Source records:
----

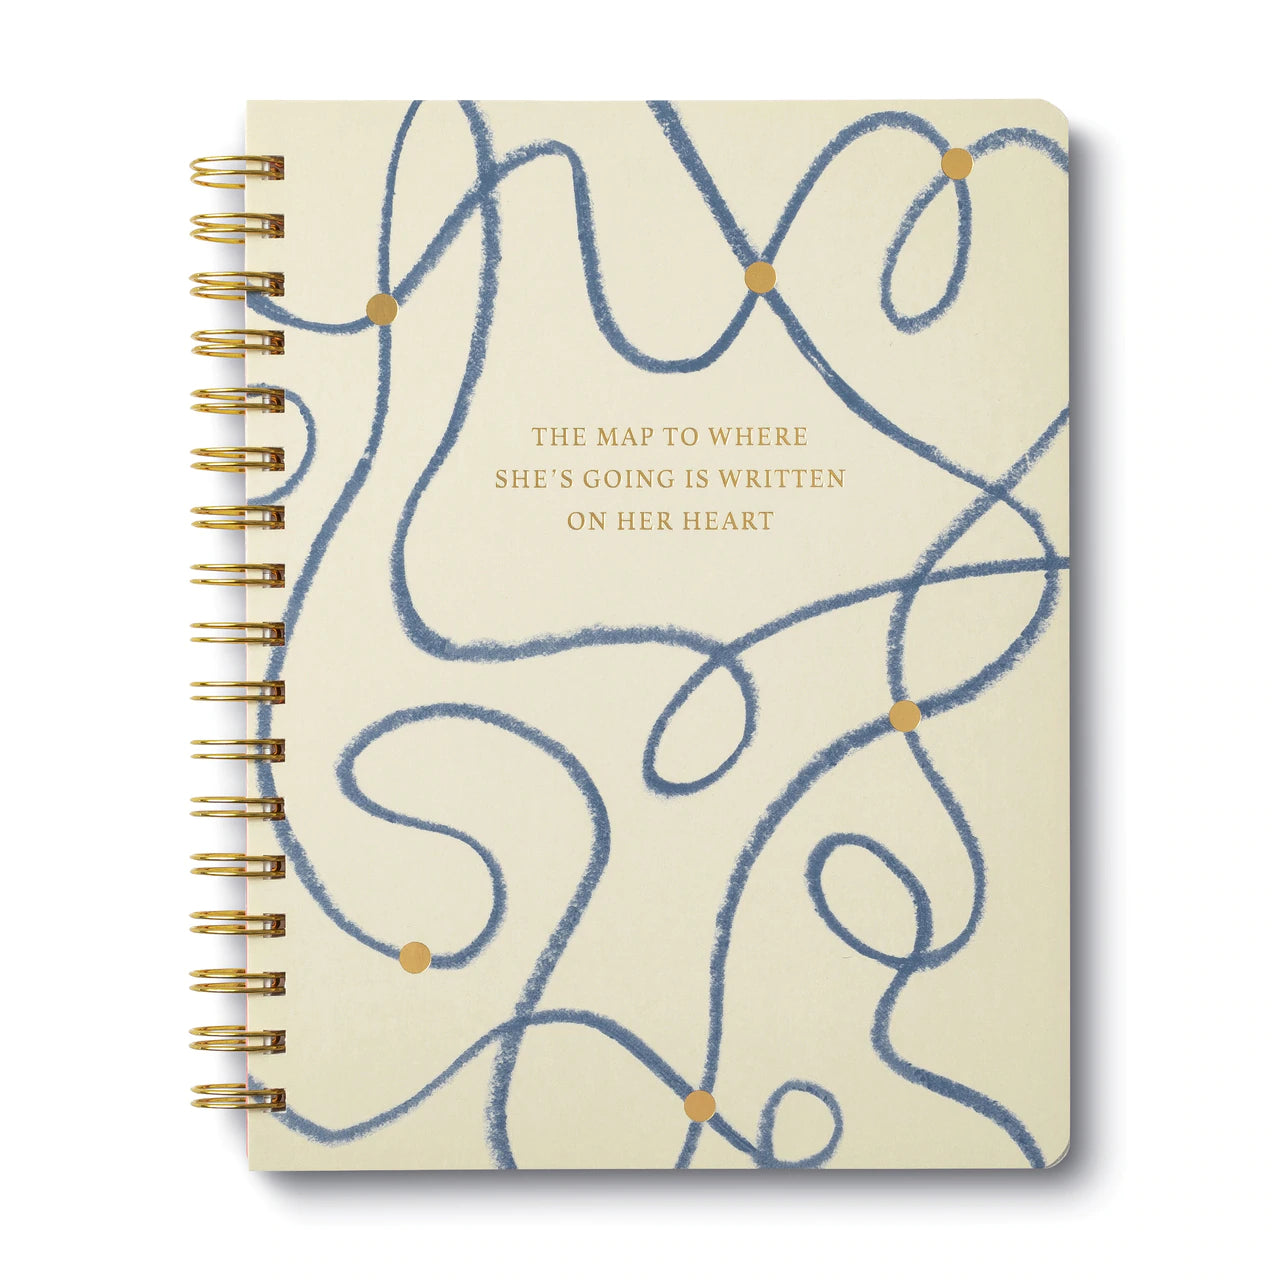 Notebook " THE MAP TO WHERE SHE’S GOING IS WRITTEN ON HER HEART"
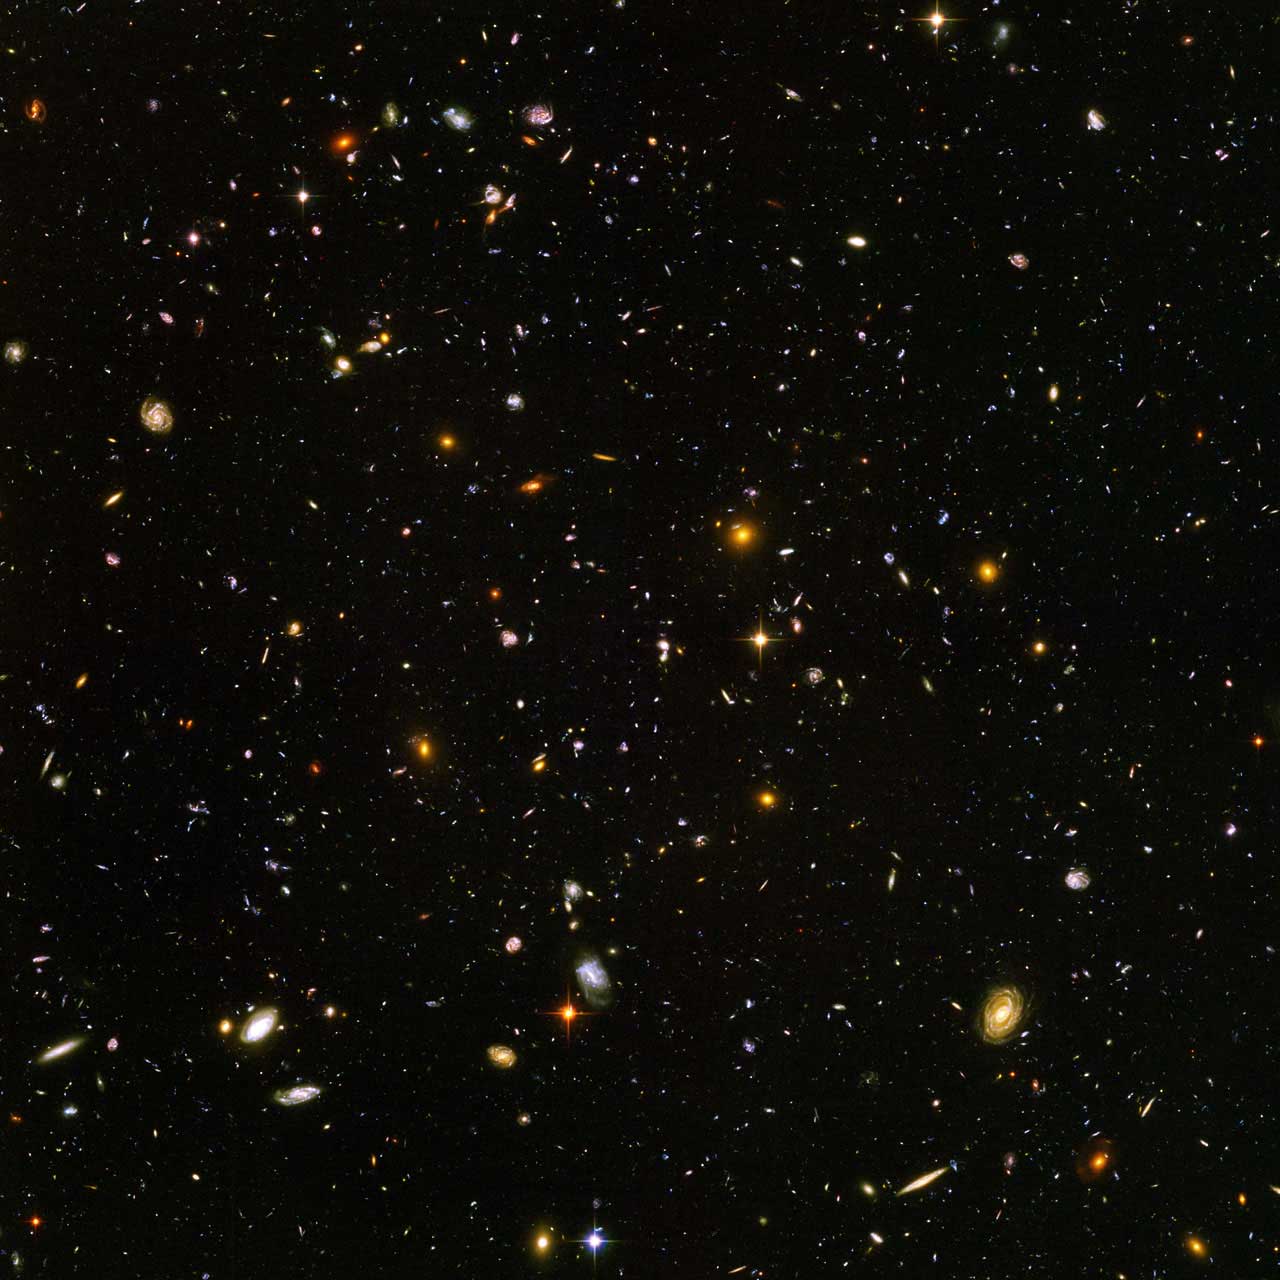 Hubble Captures Galaxies Galore, 2004; The amazing Hubble Space Telescope, through a deep core sampling technique, captured a view of nearly 10,000 galaxies.
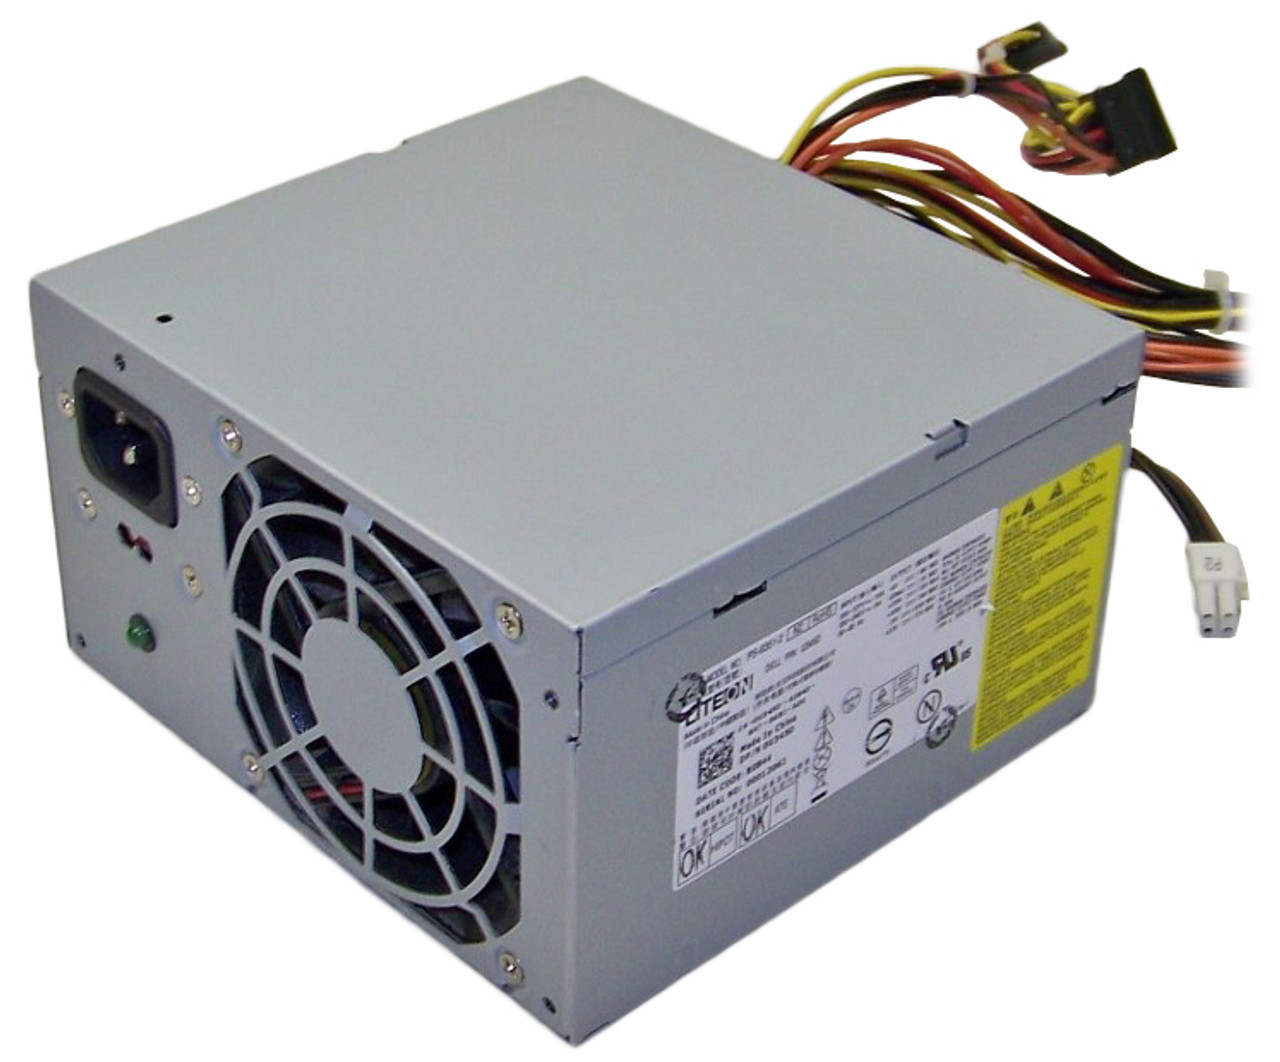 RPSN196 Dell Powerconnect Power Supply
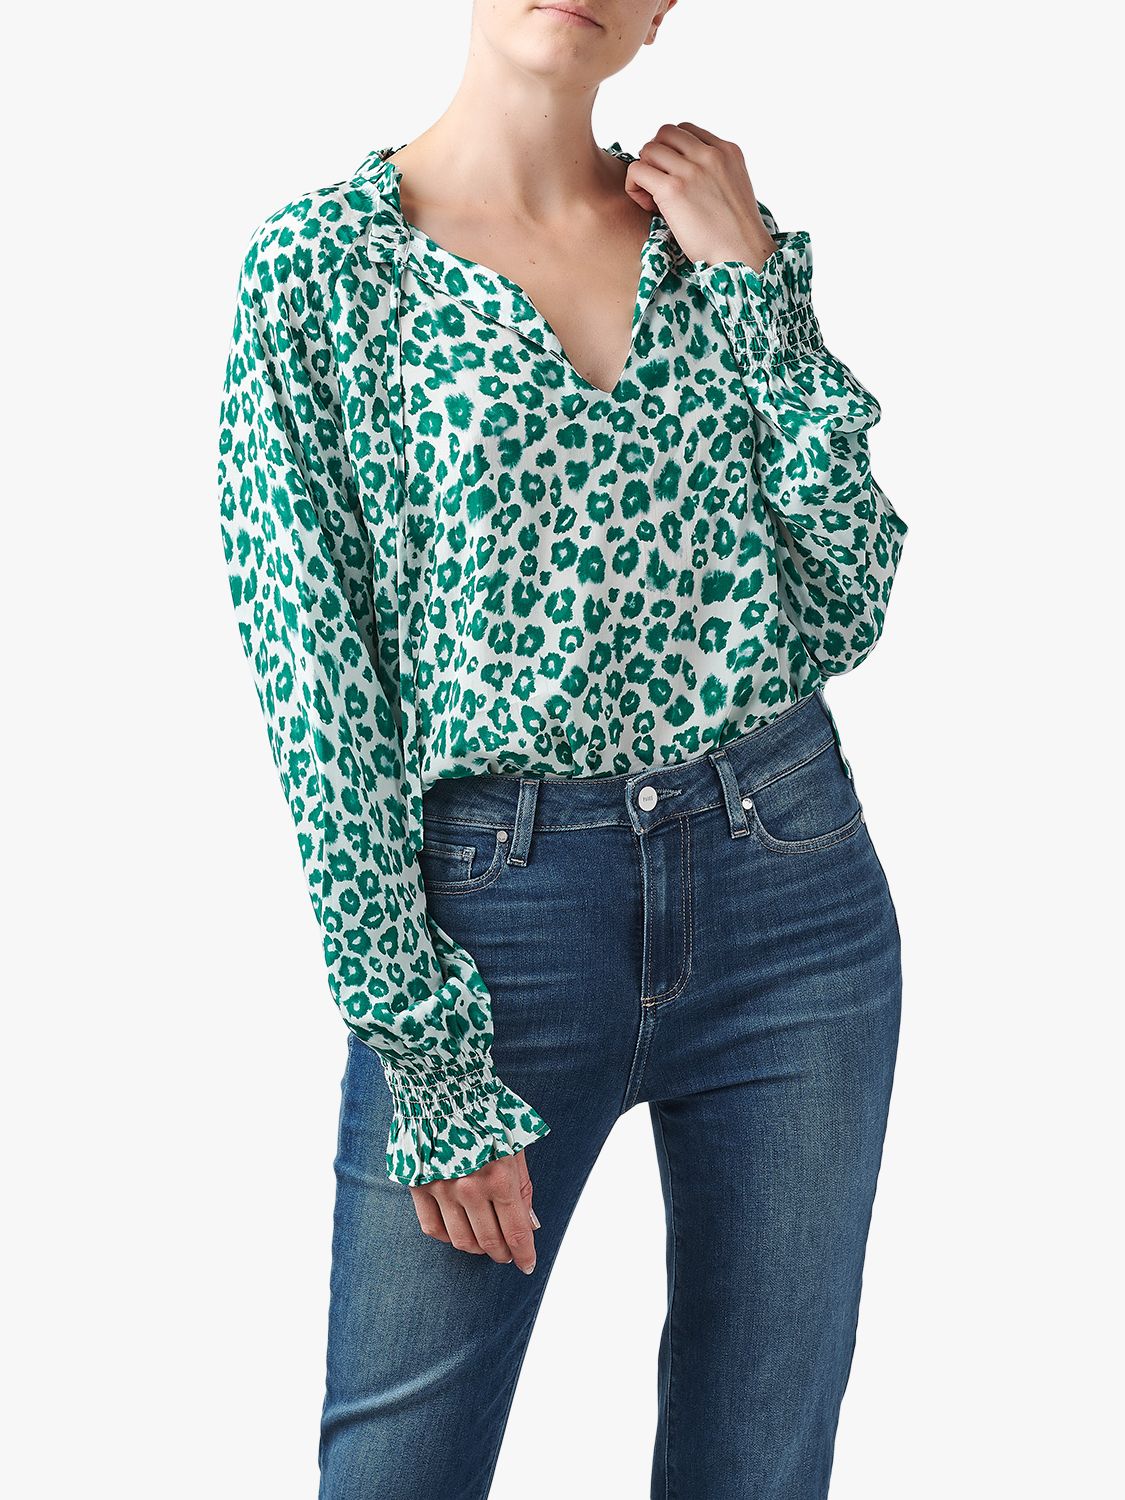 Lily and Lionel Florence Mini Leopard Print Blouse, Green, L
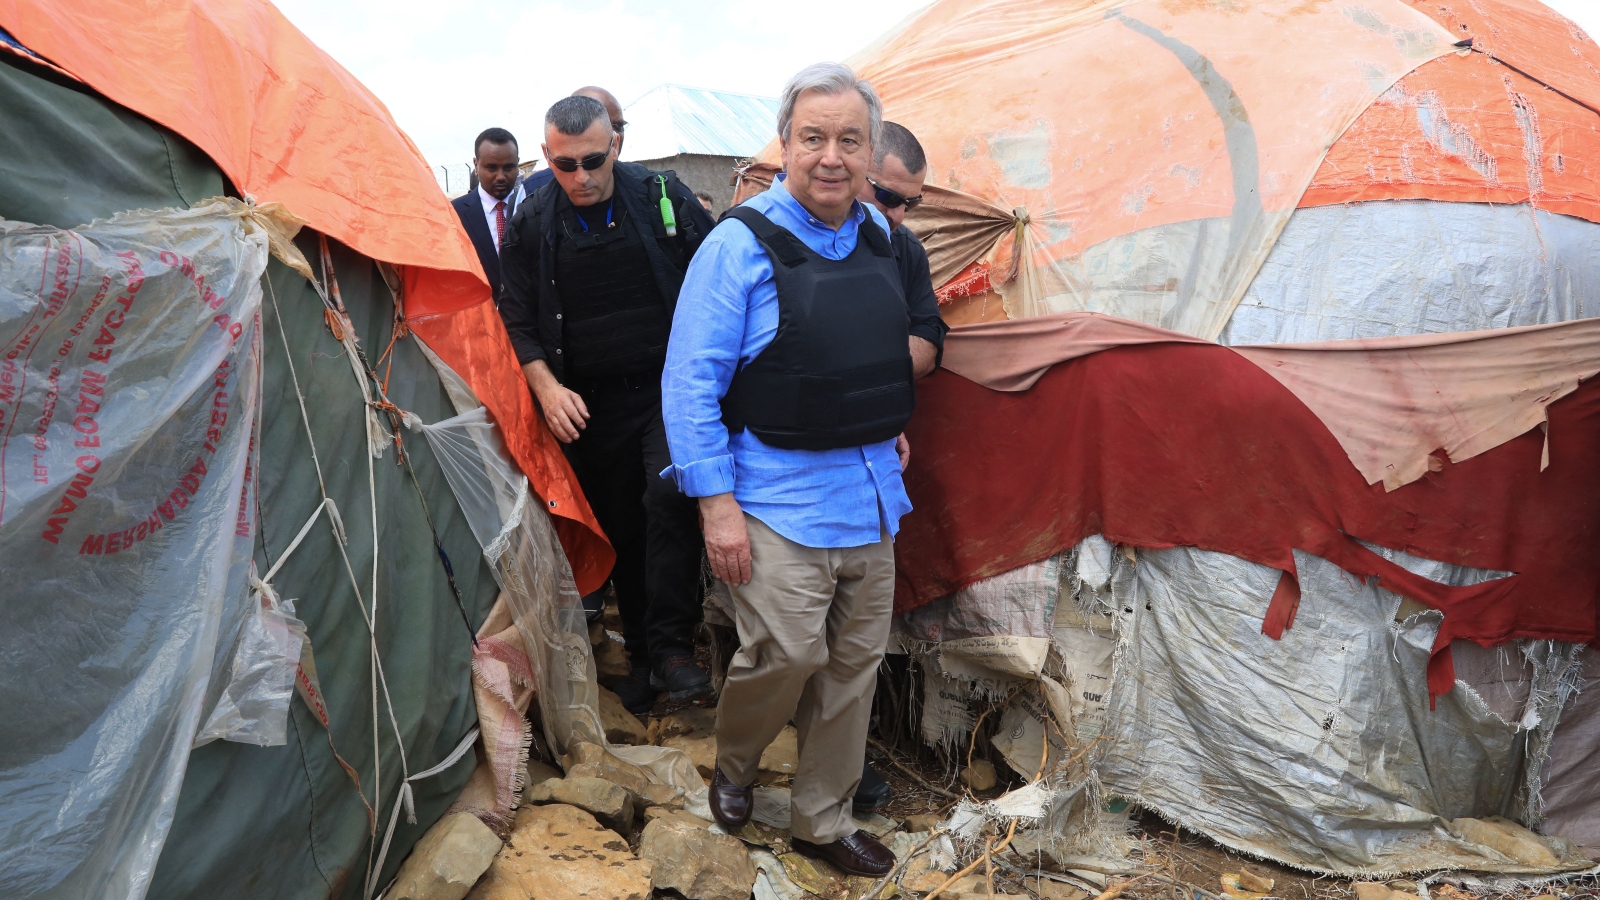 United Nations Secretary General Antonio Guterres visits an displaced persons camp in Baidoa, Somalia. Guterres has appealed for international support for Somalia as it battles an extreme drought.

----

• _REQUIRED WORK_: Pictures stay out; reproduce exactly the lines from the one containing "RPSN196 Dell Powerconnect Power Supply" through the end of the data.

• _RESPONSE FOR THIS EXERCISE_:
 RPSN196 Dell Powerconnect Power Supply
 Lily and Lionel Florence Mini Leopard Print Blouse, Green, L
 United Nations Secretary General Antonio Guterres visits an displaced persons camp in Baidoa, Somalia. Guterres has appealed for international support for Somalia as it battles an extreme drought.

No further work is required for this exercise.